Now in its eighth year, the Feed-in Tariff law has proven to be the most effective way to encourage the healthy growth of the photovoltaics industry. It encourages innovation as the best equipment brings the consumer greater monetary compensation. It costs the government nothing. Ratepayers support the program. Because the bill for the tariff is spread over the entire national ratepayer base, the cost per person is miniscule — less than buying a loaf of bread per month.
Guaranteeing the tariff for a set amount of time brings stability and predictability to the market — essential for business to thrive. As a result of the program, a German company this year became the largest producer of photovotaics in the world, while many foreign solar cell companies have either moved operations to or opened factories in Germany.
It’s not all sunny in Germany’s solar industry, of course. The trade group BSW-Solar fears changes in German law could decrease the solar subsidy and is also concerned about the increasing cost of raw materials, such as silicon.
Other countries, including France, Greece, Italy, South Korea and Spain, have emulated the German program. In the United States, Rep. Jay Inslee, D-Wash., plans to introduce a bill mandating a national Feed-in Tariff based on the German model.
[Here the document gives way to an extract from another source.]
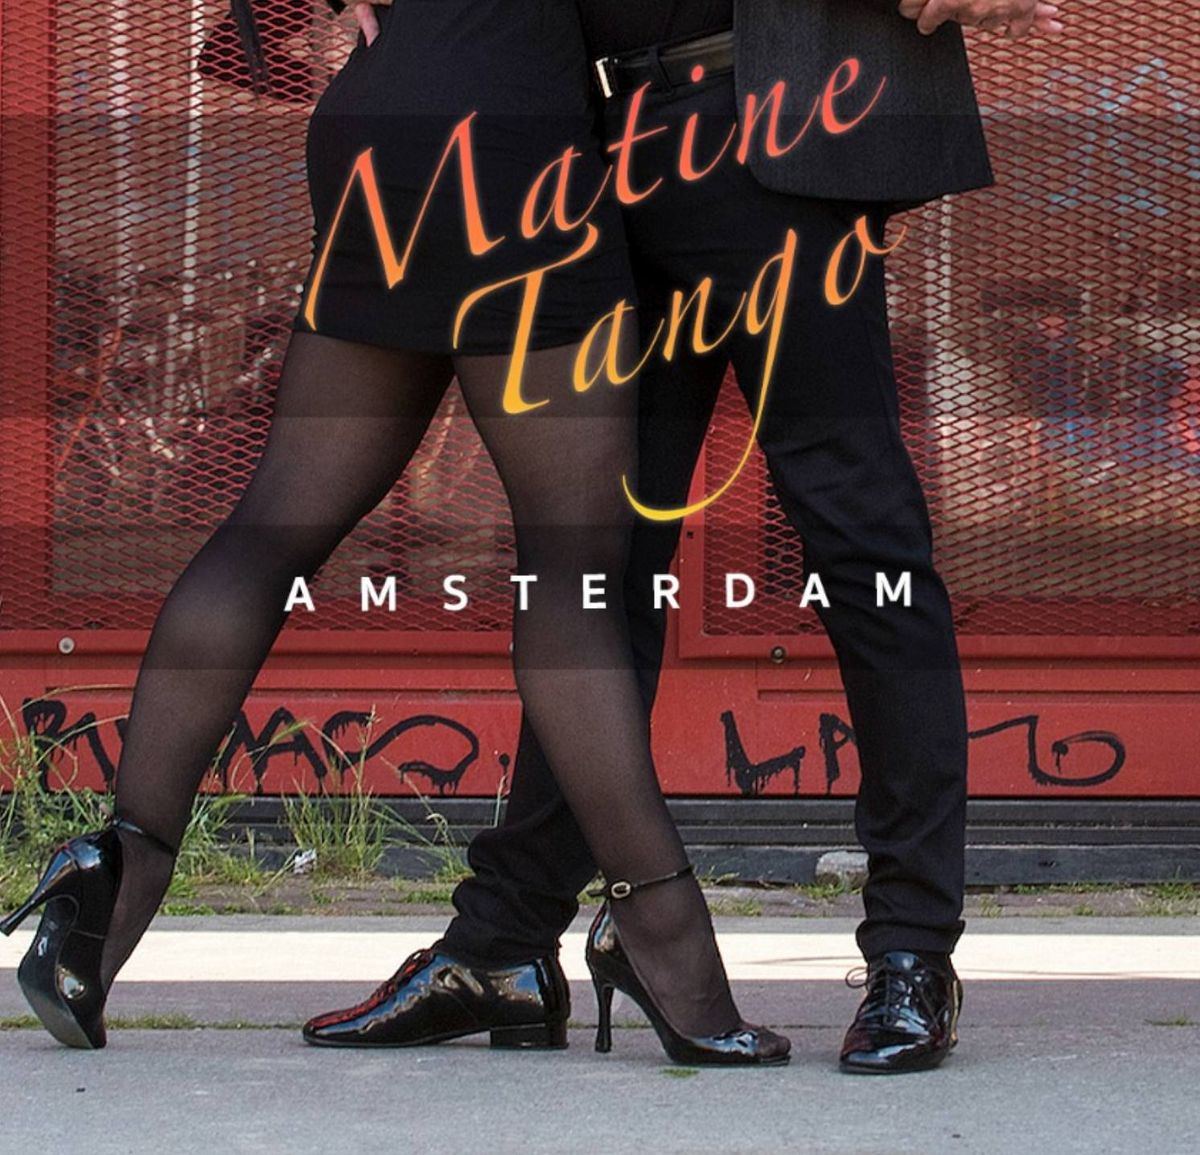 Matine Tango Amsterdam

Germany’s Feed-in Tariff deserves much of the credit for prodding the world to increase solar cell production by more than 40 percent over each of the last three years.
Growing capacity of the industry suggests that production could exceed 20 gigawatts by 2010 — a billion times the amount of photovoltaics installed throughout the world 35 years ago. Economies of scale and continued innovation by companies to stay competitive should in the next four to seven years make the price of electricity generated by photovoltaics equal the cost of utility-generated power.